TASK PROMPT: Go through the listing below and output exactly the line with "Ice fishing shack stock photos", the line with "Golden Spread Roofing Linkedin", and each line between; omit the rest.

TASK INPUTS:
= Beginning of Section =

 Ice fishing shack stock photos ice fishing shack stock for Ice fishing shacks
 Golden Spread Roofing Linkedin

= End of Section =
= Beginning of Section =

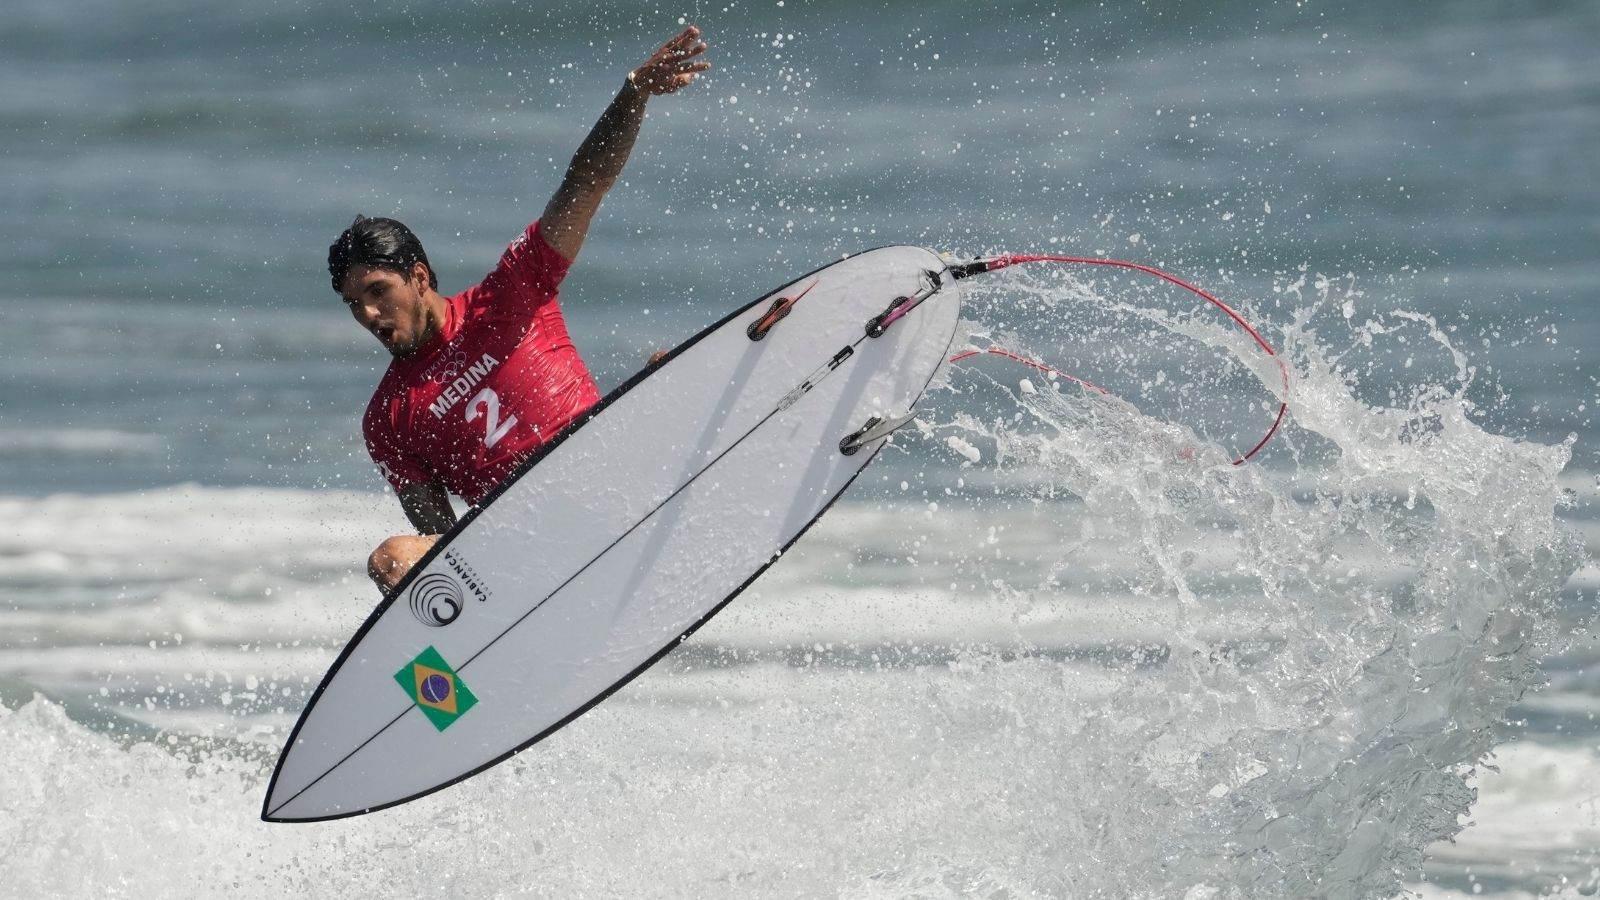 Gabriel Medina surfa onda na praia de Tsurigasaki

= End of Section =

SOLUTION FOR THIS TASK:
 Ice fishing shack stock photos ice fishing shack stock for Ice fishing shacks
 Golden Spread Roofing Linkedin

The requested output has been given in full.